Il Tribunale di Milano, all'esito dello svolgimento della prima udienza di comparizione e trattazione, dichiarava inammissibile l'azione di classe proposta con riferimento alla responsabilità da prodotto difettoso, per essere stata proposta la domanda nei confronti del semplice distributore, e non invece nei confronti del produttore; sanciva l'ammissibilità, disponendo per il prosieguo del processo, della domanda risarcitoria fondata sulla scorrettezza della pratica commerciale e sull'inganno perpetrato in danno dei consumatori (cfr. Trib. Milano 20 dicembre 2010, in corso di pubblicazione in Foro it., 2011).

2. - In ciascuno dei tre casi appena elencati, il consumatore proponente, in conformità con la possibilità riconosciuta dall'art. 140 bis, 1° comma, c.p.c., ha conferito mandato ad una associazione di consumatori, affidandole, dunque, la rappresentanza nel processo.

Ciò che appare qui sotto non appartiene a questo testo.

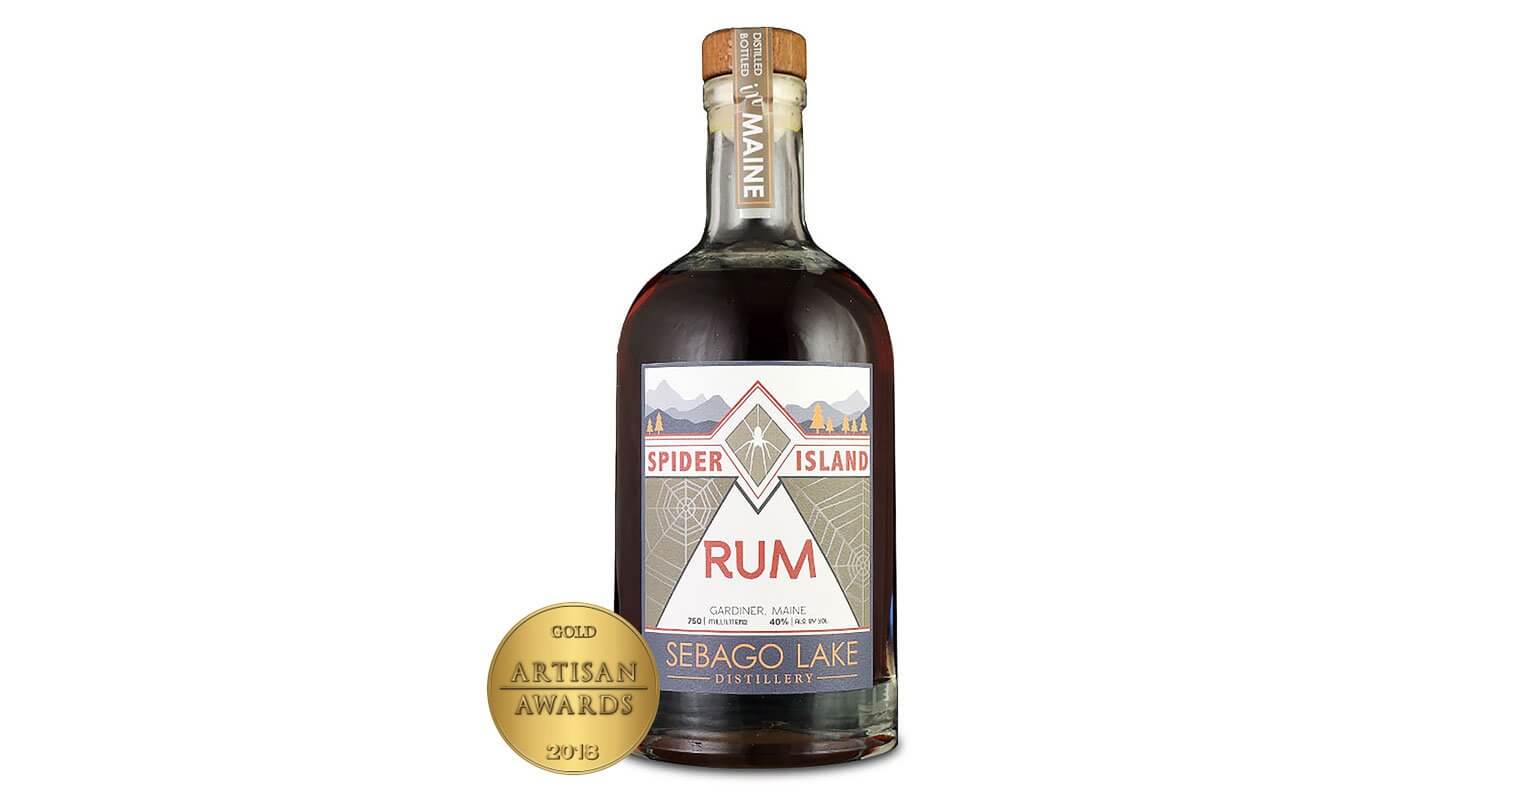 Spider Island Rum, bottle with award on white, featured image

Tale circostanza sembra confermare la tendenza alla gestione, per così dire, “oligopolistica” delle azioni di classe da parte delle associazioni consumeristiche, peraltro giustificabile e prevedibile alla luce della condivisa scarsa appetibilità del nuovo strumento processuale per il singolo consumatore (e per il suo avvocato).

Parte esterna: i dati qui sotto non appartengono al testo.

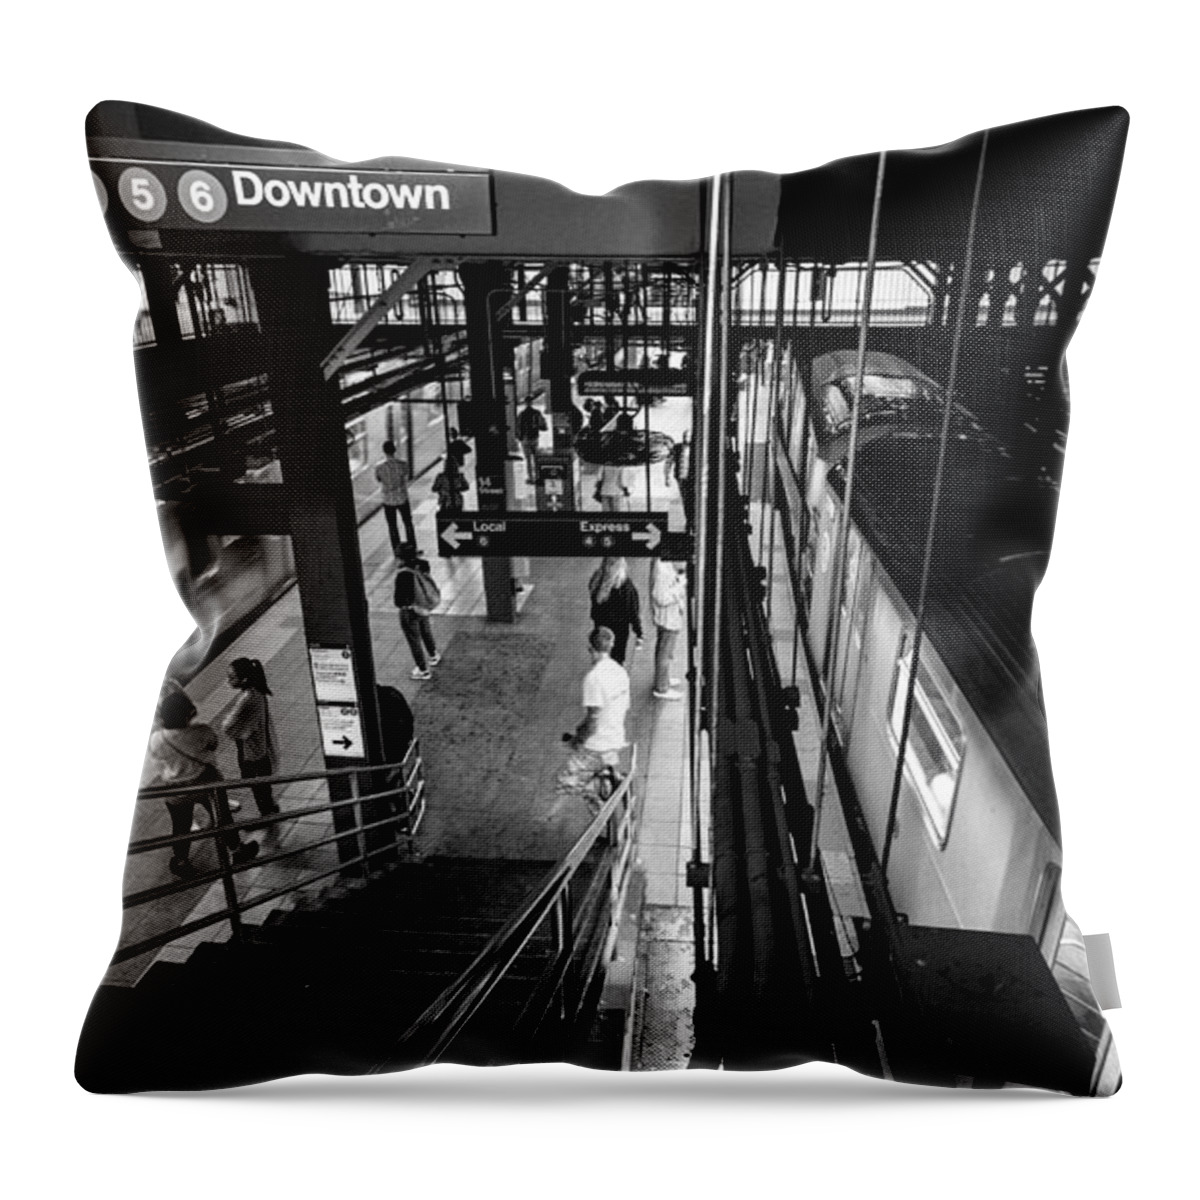 Subway Throw Pillow featuring the photograph Downtown Platform, Lexington Ave Line at 14th St-Union Square St by Steve Ember

Le principali questioni affrontate dai giudici, che per primi sono stati chiamati ad interpretare le nuove regole processuali di tutela collettiva risarcitoria, hanno riguardato:

- l'ambito soggettivo di applicazione dell'art. 140 bis cod. consumo, con riferimento alla nozione di consumatore (Trib. Torino);

- il tipo di tutela azionabile con l'azione di classe (App. Torino);

- l'ammissibilità della chiamata in causa del terzo nel processo di classe (Trib. Napoli e Trib. Milano);

- la disciplina della prima udienza di comparizione (Trib. Milano);

- la compatibilità costituzionale del giudizio di ammissibilità della domanda (App. Torino).

2.1 - Con riguardo alla prima, il Tribunale di Torino ha confermato che la qualità di consumatore deve essere riscontrabile in capo a chi propone una azione di classe, affinché possa godere della legittimazione ad agire e, quindi, superare il vaglio di ammissibilità della domanda.

Nel caso di specie, l’accertamento della qualità di consumatore, all’interno del processo di classe, è stato fondato sulla verifica della destinazione d’uso del conto corrente bancario, nonostante questa sia risultata in parte riferibile all’attività professionale svolta dall’attore; il collegio si è, dunque, conformato all’orientamento secondo cui la qualifica di consumatore spetta in ogni caso al singolo individuo, se le operazioni riconducibili alla attività professionale da questi svolta si manifestano marginali rispetto a quelle che non lo sono (cfr. Cass. 8 giugno 2007, n. 13377, in Giust. civ., 2008, I, 996; 23 febbraio 2007, n. 4208, in Foro it., 2007, I, 2439).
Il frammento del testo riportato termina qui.